Airplanes

From the south-slightly-east-of-central part of the city where I'd been running errands, the sensible way home is the road that goes alongside the river, out almost to my town. The road skirts the city's airport--in fact, it goes right under the takeoff flight path, close to the end of the runway. Now and again, I get really lucky and manage to drive past just as a jet is taking off, thundering a few hundred feet overhead. As I came out on Friday afternoon, when the airport is particularly busy, I got lucky: one plane taking off almost overhead, and other planes circling waiting to land. Wooo!

I love airplanes--not to fly on; that's a different matter, a matter of boredom and stale air and cramped seats; but to watch. Airplanes make me smile like a little kid. I turn off the car radio to hear them thunder, and I follow them as much as I can without crashing the car. I don't know a thing about airplane lore; I can't tell a 767 from a DC whatever. I just love watching the damn things fly, especially when they're taking off or landing. It's the optimism of them that grabs.

Yes, of course I understand the physics of flight, the "hows" and "whys". They're very simple, very straightforward, all these vectors of thrust and drag and lift; properly explained, any sensible 10-year-old can grasp them. But at a real deep-down level, I don't care. The fact remains that anything that weighs 300,000 pounds or so ought to fall right down out of the sky like a rock. That's just obvious common sense, isn't it? Flight, to my mind, is a miracle.

It's also obvious common sense, isn't it, that even if you believe in God, life will go on in the future the way it has in the past, that belief can't actually change anything. If we try again what we tried before and failed at, we're just going to fail again. Death and taxes, that's for sure, and Murphy's Laws still hold, and you can't change human nature. There are no miracles, or nothing you can't explain as a sort of magic trick. Nothing that weighs even 3 pounds can stay up in the sky; how can something that weighs as much as an airplane? Nahhhh.... no way.

But in fact, airplanes don't fall out of the sky. They get up there, and that stay up there, and they come down neatly and nicely thousands of times for every one that screws up. Very, very rarely do they fall from the sky, and then only if something has gone horribly wrong..

The secret is movement and orientation. Airplanes stay up because they thrust forward at a speed that keeps a flow of air pressing upward on the underside of their wings. Same goes for us. When we're moving forward at an appropriate speed (a 767 doesn't fly as fast as Concorde!), we have that life under us that can keep us steady when there seems to be nothing under us but air.

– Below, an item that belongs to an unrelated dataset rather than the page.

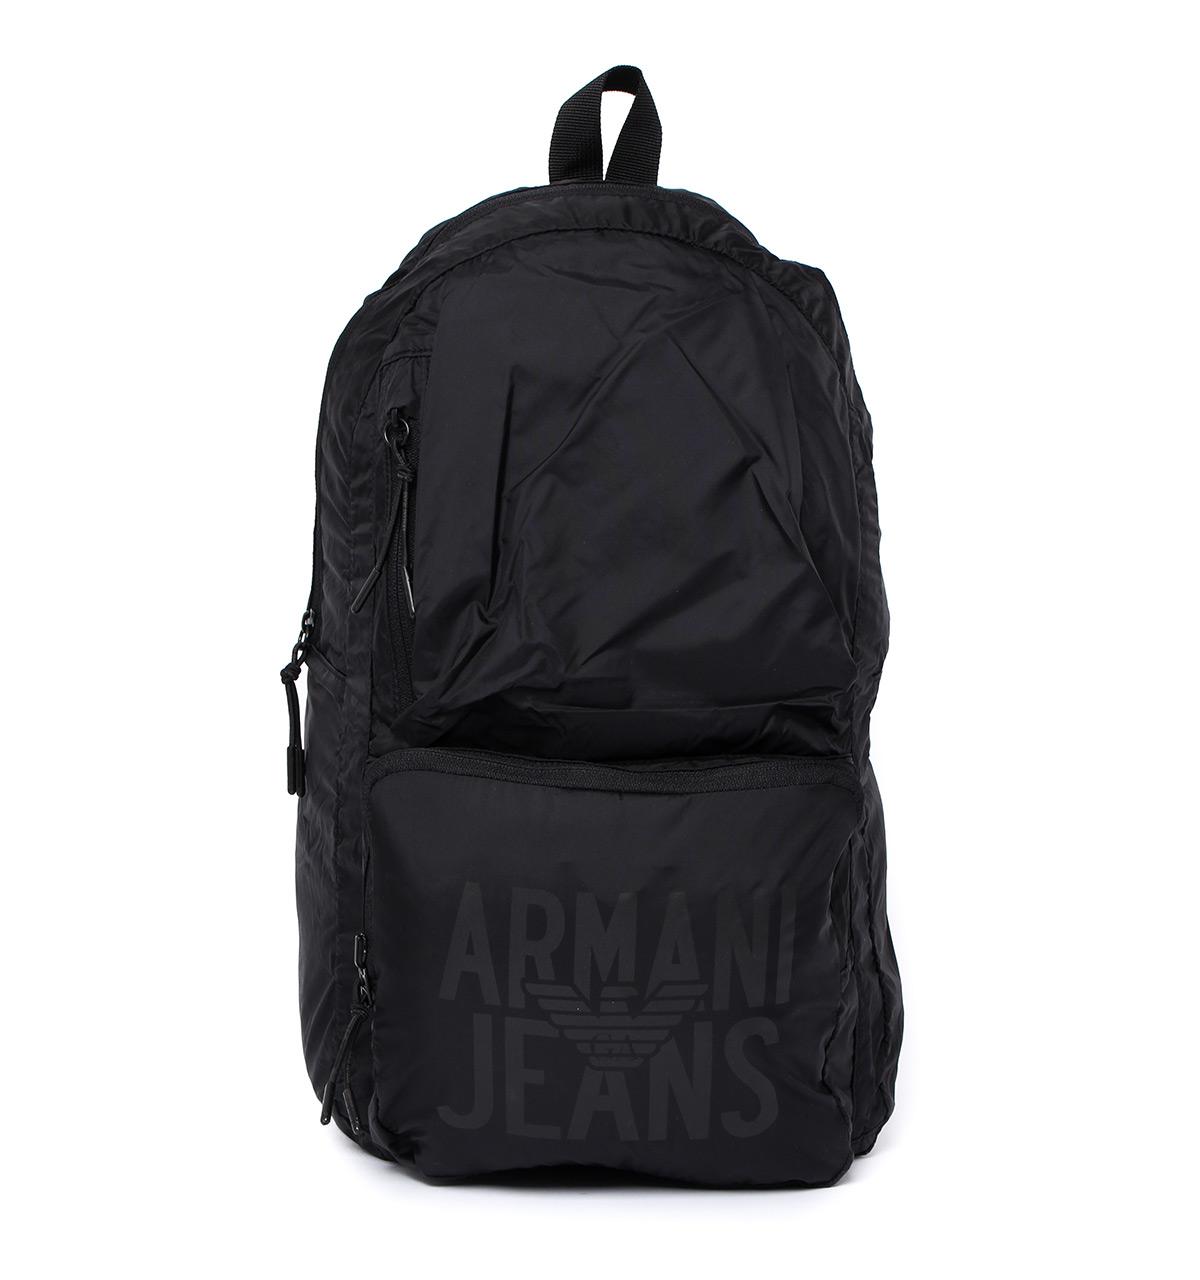 Armani Jeans Denim Black Packable Backpack for Men - Lyst

It's getting stuck in place--usually because we're too afraid to let go of the ground and take off--that leaves us floundering, rolling, and crashing,

Anyone who's flown a kite (another occupation I have been partial to) knows that the crucial thing is to keep the kite's nose up so the air presses up on its underside. Same goes for us. When we keep our noses pointed in the right direction--not keeping them resolutely stuck in our own navels, not looking down them at other "inferior" people (a besetting sin of Christians in all places and times!), not sniffing out other people's sins to reinforce our own unimpeachable Moral Superiority--then we feel that Wind that can raise us higher and higher and keep us steady, still tethered to this world, but soaring..

Face forward; move even when you don't feel solid ground under your feet; keep your nose pointed straight toward the Light, while staying tethered in this world (for even airplanes have to land!) Have faith that you won't fall from the sky like a stone, that God's breath will be under you, pressing you upward, holding you in its power. Do that, and you can feel it under your wings, that Wind of God, the Spirit at active work in this world, lifting you high, keeping you safe and steady on your way.